Copy out the data exactly as it appears, without a single image.

[INPUT DATA]
____

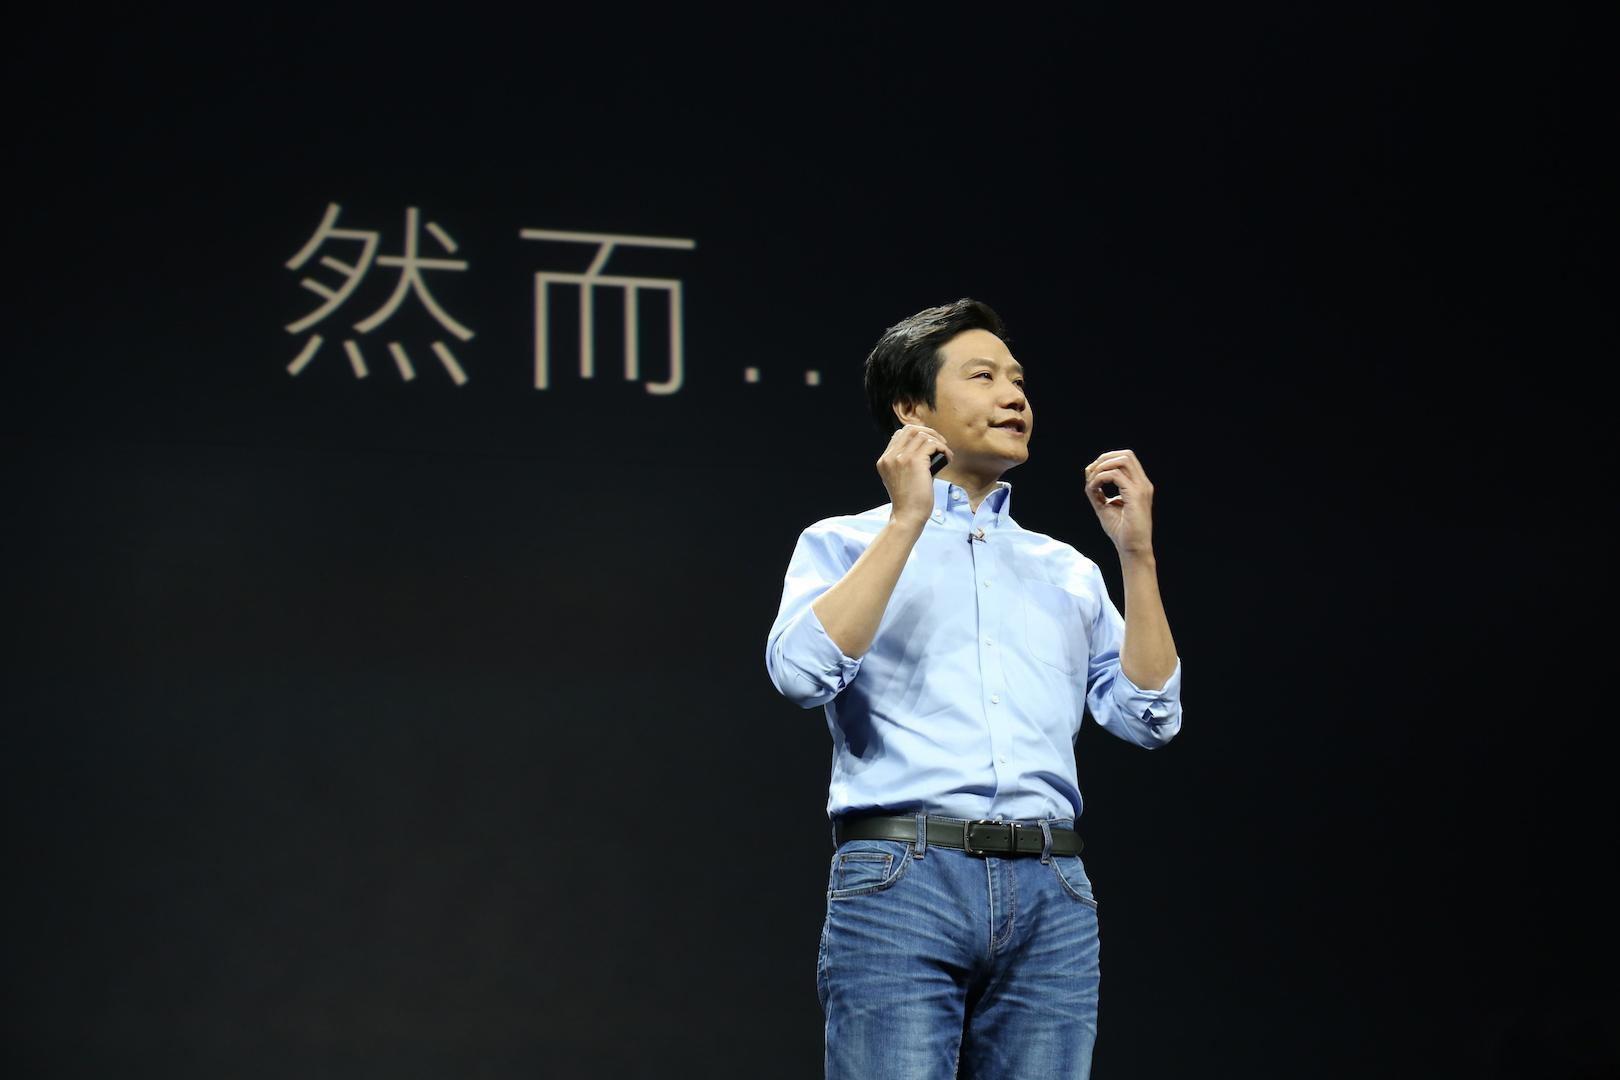 小米是硬件or互联网公司?市盈率高苹果数倍遭质疑
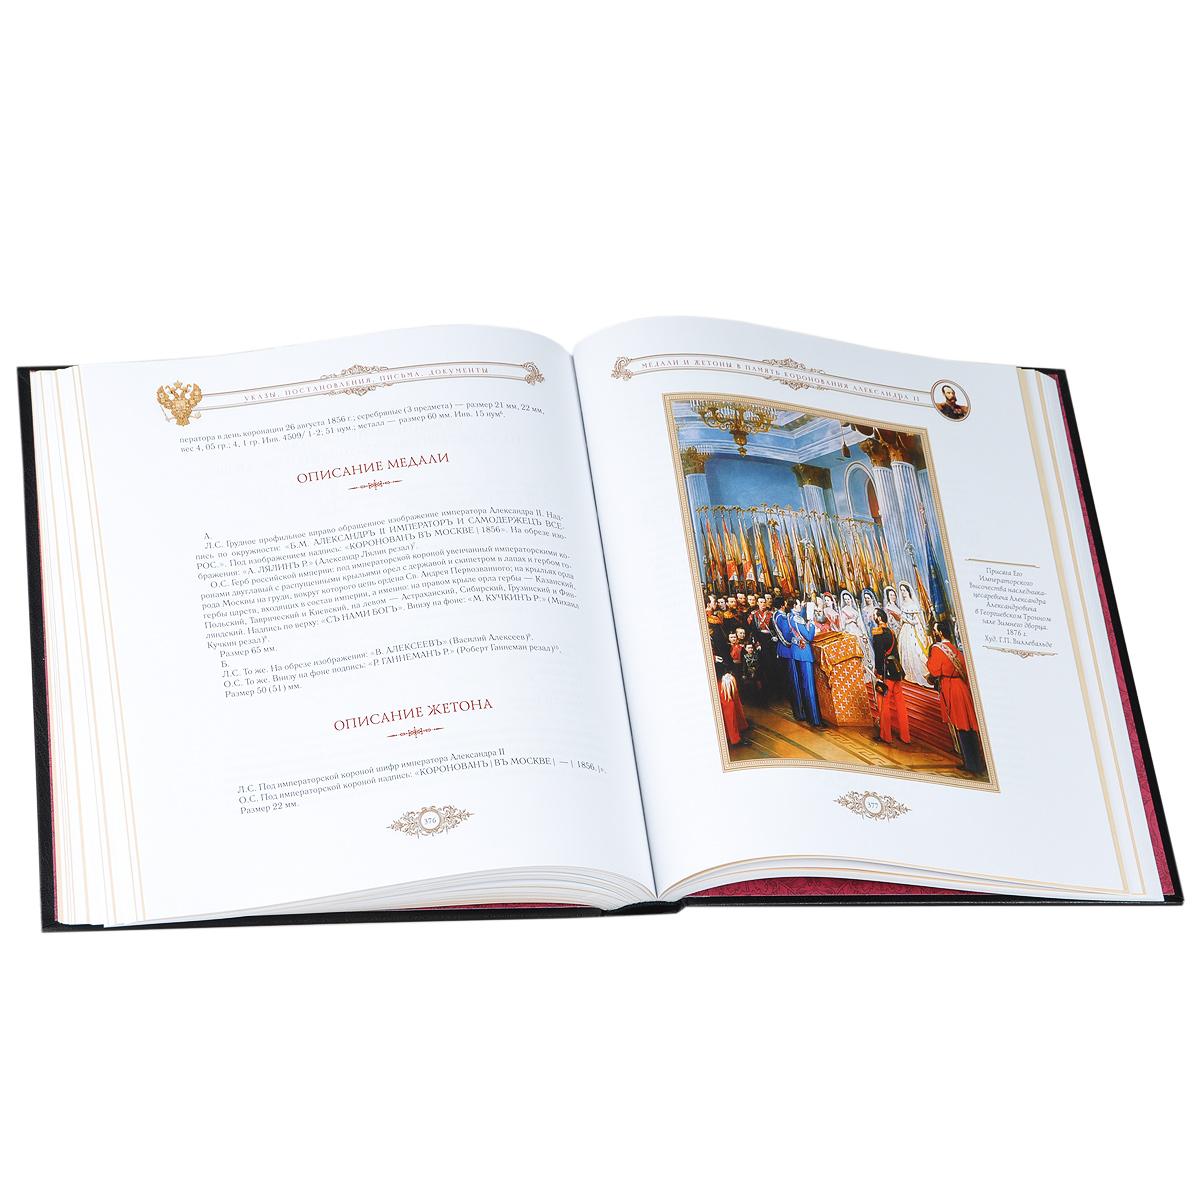 Первопрестольная. Коронация российских императоров. 1724-1896. Медали и жетоны
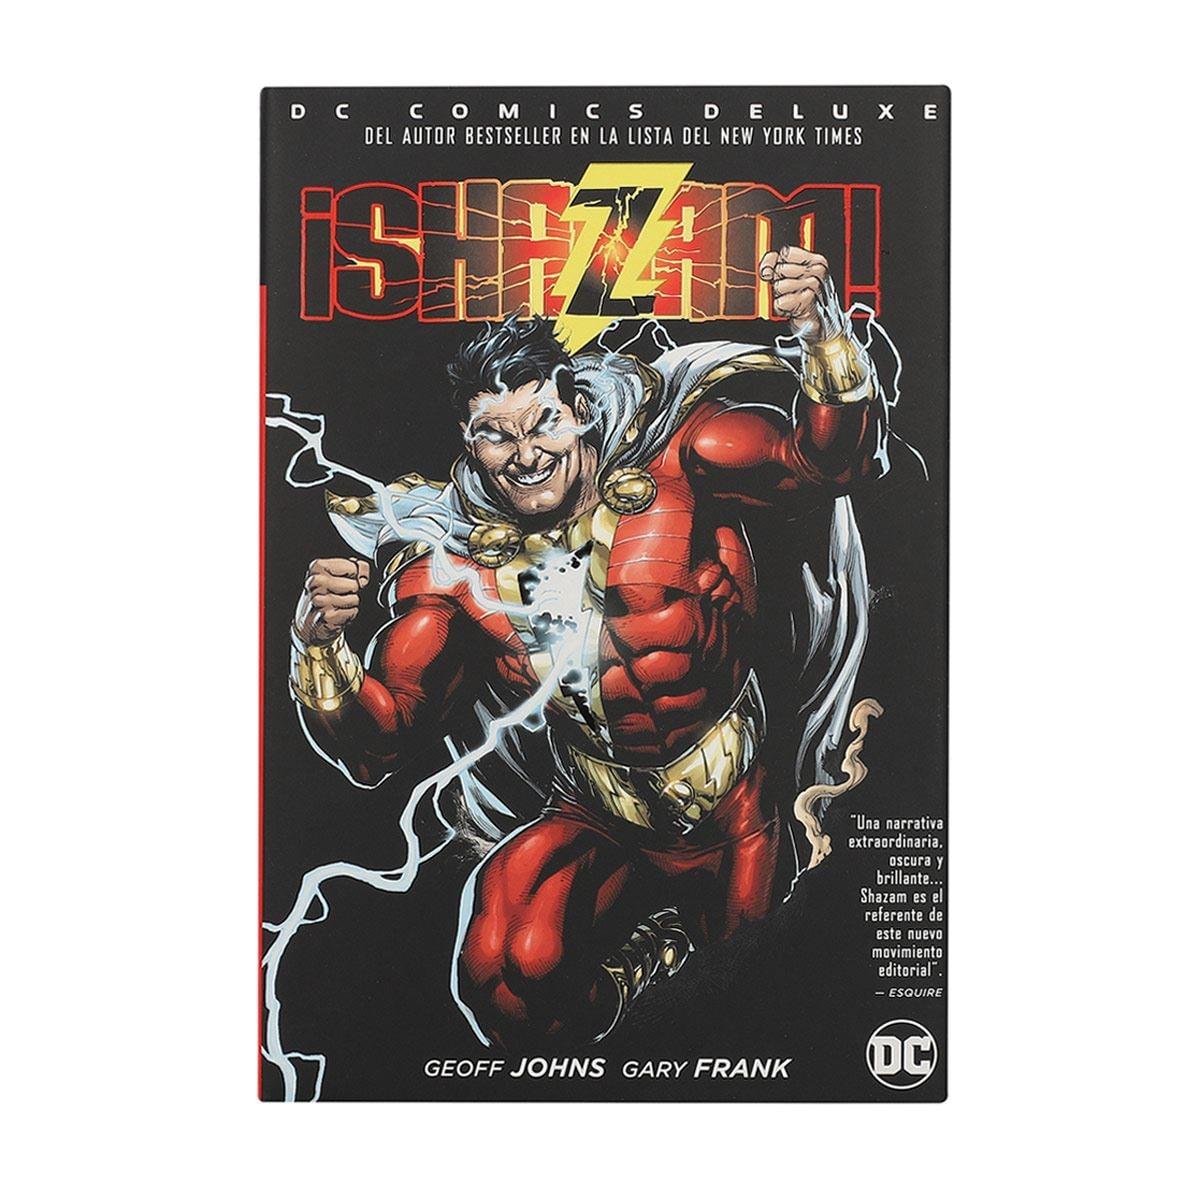 ¡Shazam! DC comics deluxe
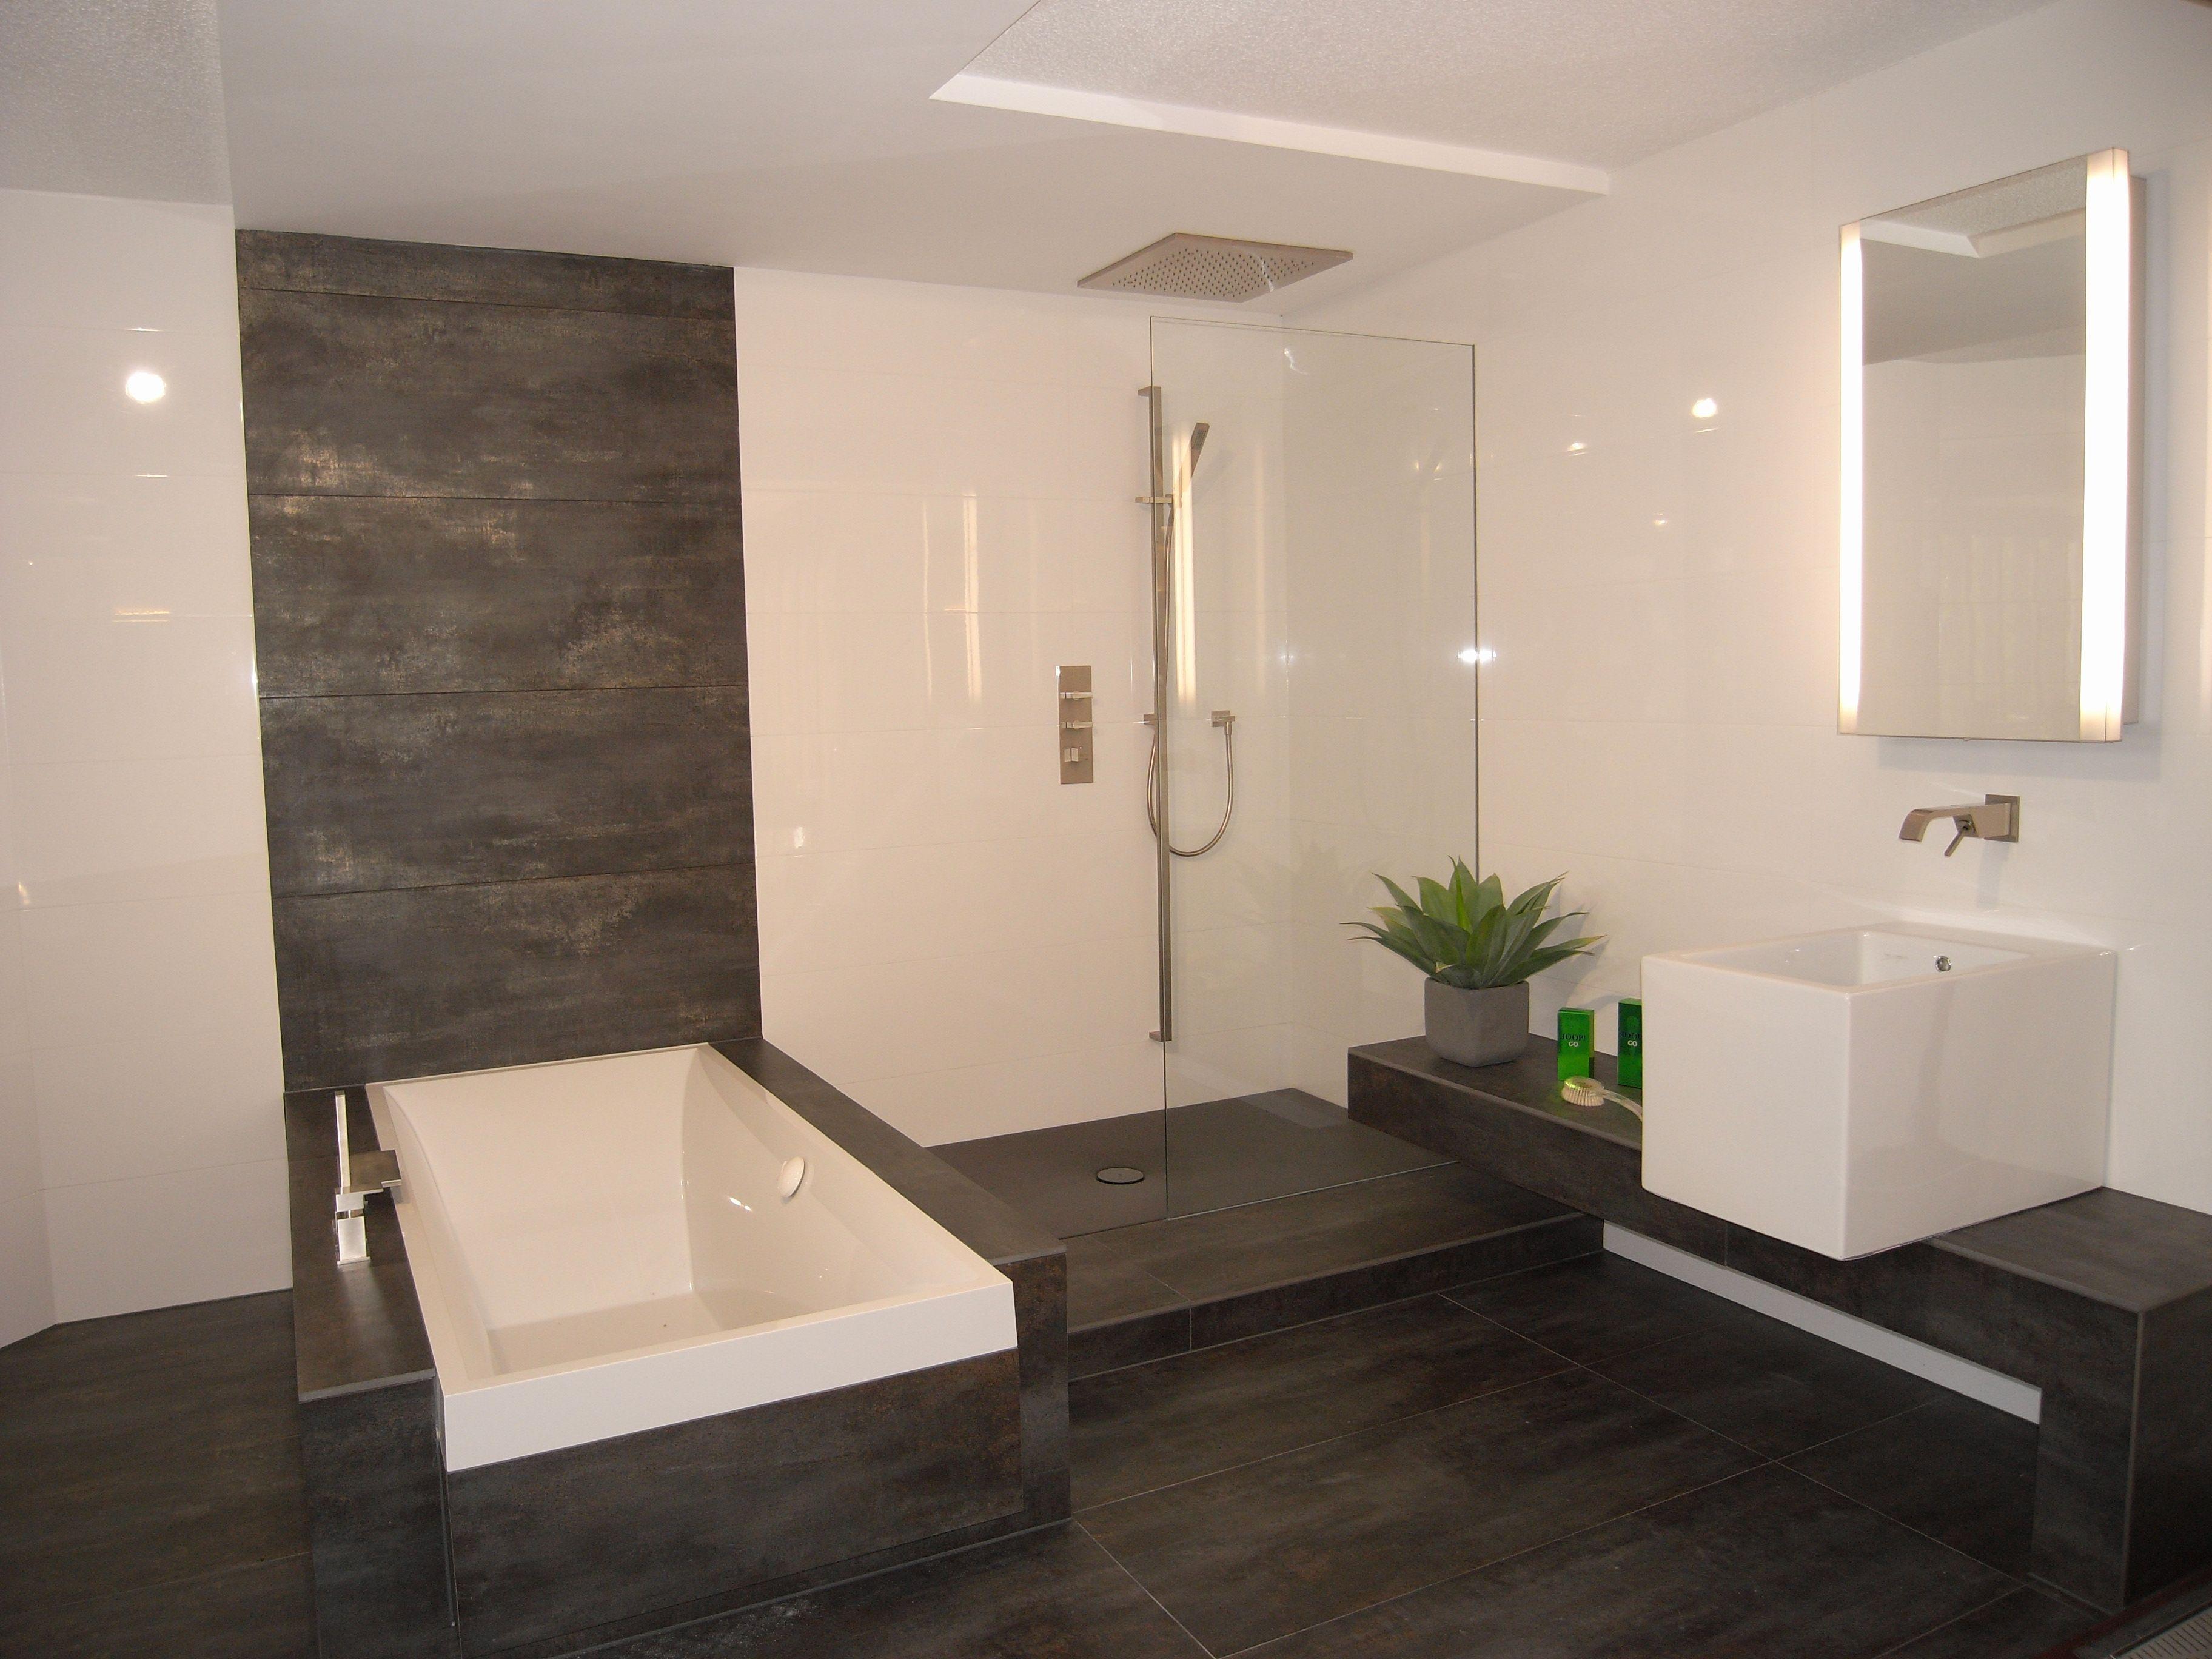 Badezimmer Design Modern Badezimmer Fliesen Modern Schlafzimmer Einbauschrank Im Modern Badez Badezimmer Design Badezimmer Fliesen Bilder

____

[ANSWER AREA]
 小米是硬件or互联网公司?市盈率高苹果数倍遭质疑
 Первопрестольная. Коронация российских императоров. 1724-1896. Медали и жетоны
 ¡Shazam! DC comics deluxe
 Badezimmer Design Modern Badezimmer Fliesen Modern Schlafzimmer Einbauschrank Im Modern Badez Badezimmer Design Badezimmer Fliesen Bilder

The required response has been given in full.